Ghost World Release Date: July 20, 2001 Starring: Thora Birch, Scarlett Johansson, Steve Buscemi, Brad Renfro Directed by: Terry Zwigoff
Quietly poetic in its pirouettes of aimlessness and flirtations with despair, Ghost World, which was adapted from the comic book of the same name by originator-coscreenwriter Daniel Clowes and director-coscreenwriter Terry Zwigoff, is a tale of teen angst that manages to be artfully stark and uproariously funny at the same time.

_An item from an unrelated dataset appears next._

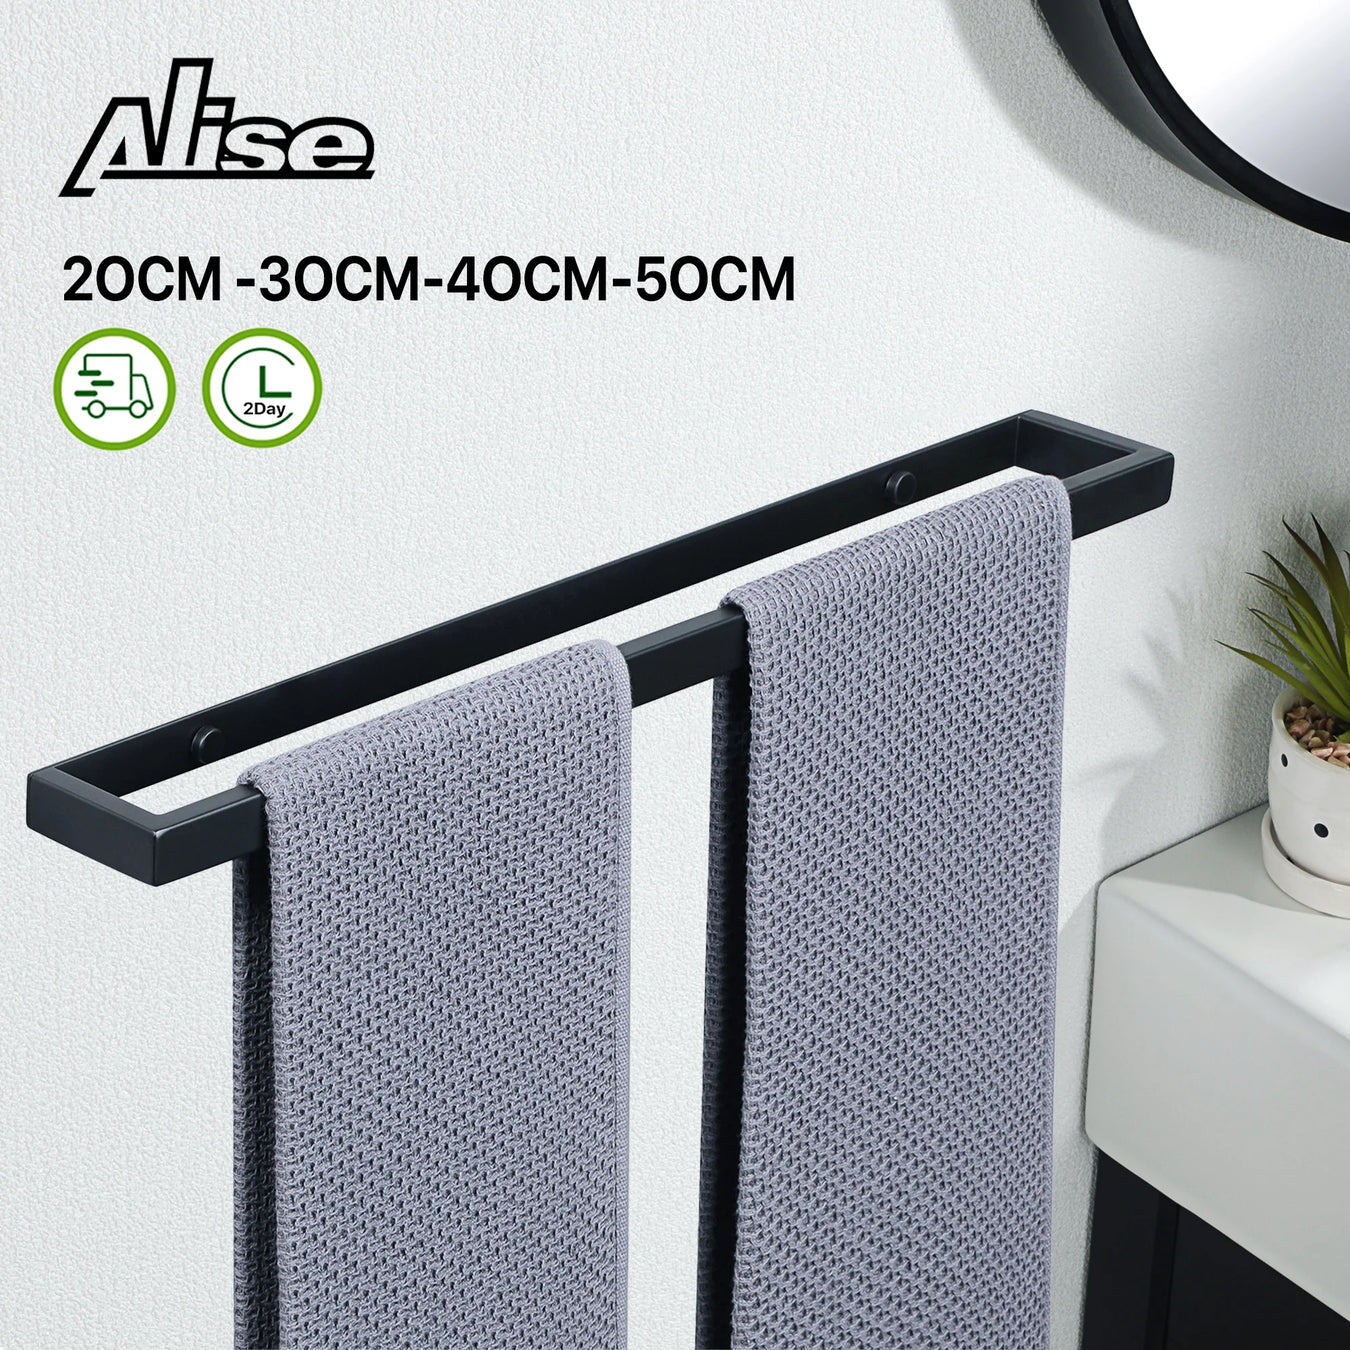 Adjustable Matte Black Stainless Steel Towel Holder with Wall Mount Options

The severely alienated Enid (Thora Birch) and Rebecca (Scarlett Johansson), best friends since childhood in their sun-bleached, generic suburb, decide to take a pass on college and set out looking for a house together after their practically farcical high school graduation. They're not too good at applying themselves, though — it's more fun to razz the waiter at a lame, local, '50s-themed diner; cadge rides from their pal Josh (Brad Renfro); or answer cheesy personal ads with prank phone calls. As a result of the latter activity, Enid winds up forming a peculiar attachment to a vinyl-fetishist sad sack named Seymour (Steve Buscemi). "He's the opposite of everything I hate," Enid explains to the fairly repulsed Rebecca. Eventually, intimations of age-inappropriate romance start emerging, and Seymour becomes the fulcrum from which all of Enid's wildly contradictory emotions swing.

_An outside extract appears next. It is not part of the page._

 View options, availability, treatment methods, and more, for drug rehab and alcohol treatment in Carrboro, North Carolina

The characterizations and performances here are remarkably deft, and Zwigoff's direction (he has only two features, both documentaries, under his belt, including the superb Crumb) is pitch-perfect; the screenwriting, too, is remarkably tight and multileveled. This treasure packs a different kind of summer-movie wallop—one that keeps growing long after you've left the theater.